This morning I thought I’d pass along a cool book for you hockey fans interested in how the NHL took it’s shape – intoducing Breakaway: From Behind the Iron Curtain to the NHL: The Untold Story of Hockey’s Great Escapes.
It can be difficult for some players to leave their home country to play in the NHL now – decades ago, it was damn near impossible for a handful of them. They simply weren’t allowed to up and leave.
Below is an except from the third chapter “The Beginning of the Czech-sodus,” which tells the story of how Petr Klima worked his way out of Czechoslovakia, and onto the Detroit Red Wings roster.
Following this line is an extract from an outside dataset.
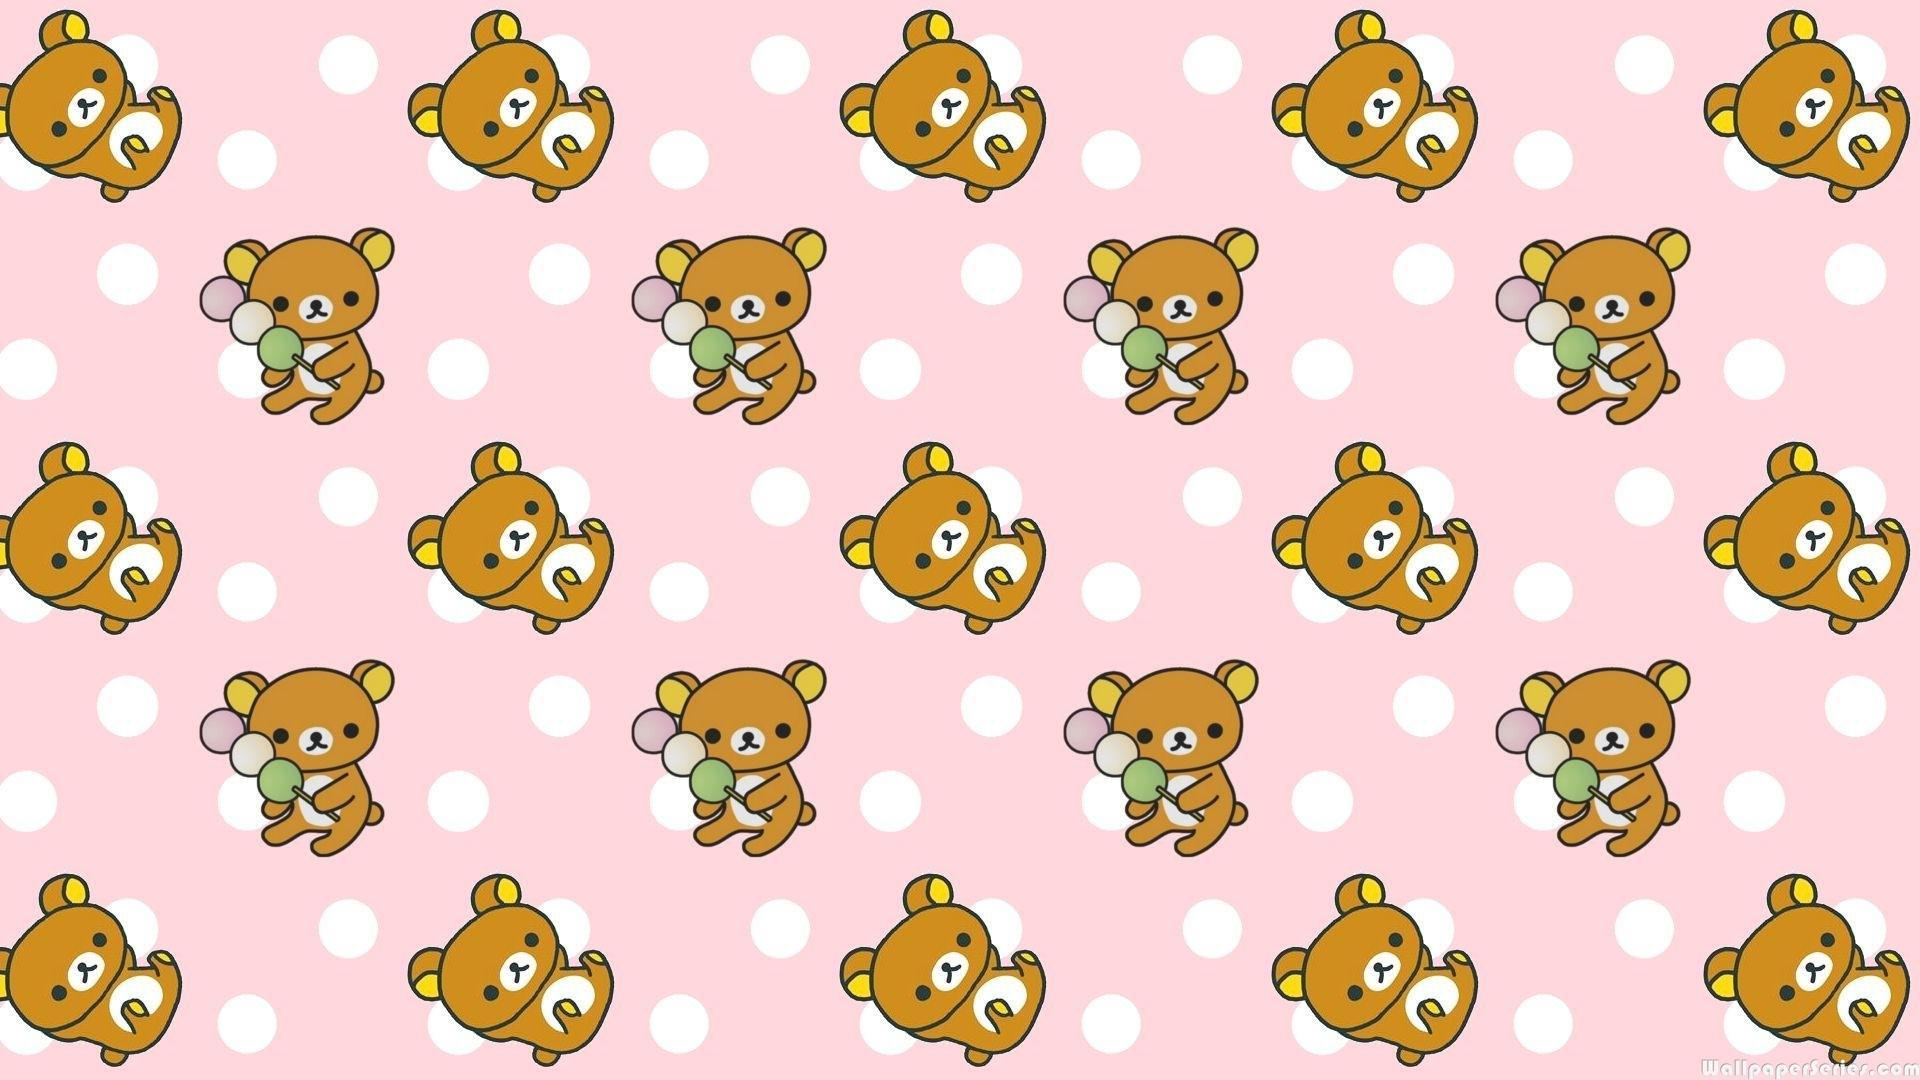 HD Rilakkuma Cute Pattern Wallpaper Download 139090 1920x1080
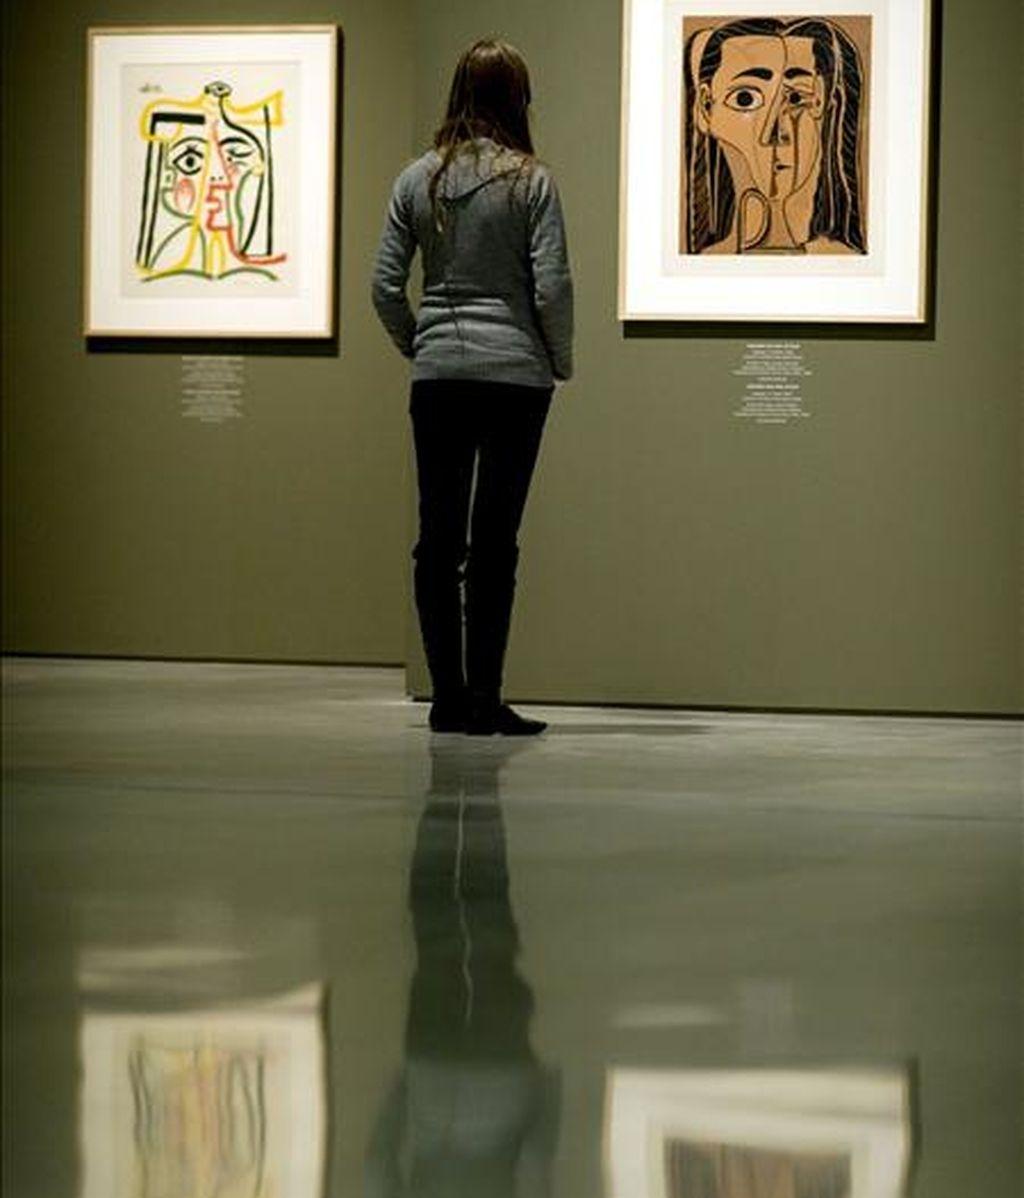 """Una joven contempla las obras de la exposición """"Picasso linograbador. Retratos de Jacqueline"""", una exposición en el Centro Cultural Bancaja de Valencia. EFE/Archivo"""

If you’re interested, you can grab a copy for about $18 on Amazon.
Despite being left off their 1984 Olympic team, Petr Klima and Frank Musil were establishing themselves as Czechoslovakia’s best young players. Their developing skills gained them even more attention after Czechoslovakia won gold at the 1985 World Championship in Prague, the country’s first world title in eight years.
Whereas Musil contributed two points and stout defensive play to the championship effort, Petr Klima wouldn’t showcase his skills at the 1985 World Championship. This time it wasn’t government interference keeping him on the bench but a wrist injury sustained just days before the tournament during an exhibition game against Sweden.
Relegated to spectator status, Klima entered the locker room during a team practice to find Czechoslovakian agents combing through his locker. Throwing around his brand-name clothes, they joked about how comfortably these valued Western labels fit before carrying them past Klima and out of the locker room. “Communists don’t have to explain anything,” Klima says of the incident. “They didn’t have to have a reason.”
In the meantime, Nick Polano’s office with the Red Wings was becoming an increasingly hostile place. Still a perennial NHL doormat, the Red Wings had only a lone sign of hope: the play of Steve Yzerman. An All-Star in his first full NHL season, the explosive young center was drawing fans back to the arena, but it wasn’t enough to save Polano, who was fired after three mediocre seasons as the Wings’ coach.
Instead of exiling Polano entirely, the team decided to retain his eye for talent and named him assistant general manager. In doing so, they clearly outlined his top priority in the new job: getting Petr Klima out of Czechoslovakia. “You wanted this guy,” Devellano reminded Polano. “Now you better get him.”
By now, other teams were noticing Klima’s play. The Calgary Flames even approached Devellano about a possible trade. But the trade talks ended the moment Nick Polano received a phone call from a Czech contact on August 15, 1985. “He’s in Rosenheim with the Czech team,” the voice said. “Come now.”
Czechoslovakia’s national team would be competing in a tournament in Rosenheim, West Germany. That’s all Polano was told. Lacking any concrete details, Polano prepared to find Klima, grab him, and make a mad dash to the nearest embassy. It was a crude plan, but a plan nonetheless.
Suspecting he might defect, Czechoslovakian officials left Klima off their tournament roster. For Klima, the repeated benching weren’t simply a slap in the face; they were an attempt on his livelihood. The Czechoslovakian national team made only three or four trips across the Iron Curtain each year. Banning Klima from these tours could effectively end his dreams of joining the Wings. Fortunately, the national team was coached by Frank Pospisil, a Czech hockey icon who also coached Klima’s club team in Litvinov.
Wanting one of his best players on the ice, the coach pleaded with authorities to let his star join the team. After Pospisil promised there would be no defections under his eye, Petr Klima was on his way to Rosenheim. “We went out, they took your passport, your driver’s license, everything. So we had no ID,” Klima remembers of the trip. “Frank Pospisil did guarantee to the government that I would come back. That didn’t happen.” In Detroit, Polano commandeered Ilitch’s private jet while his interpreter—ironically also named Petr Svoboda—made his way to Germany. But Polano needed a partner within the organization to help break Petr Klima out of the Eastern Bloc.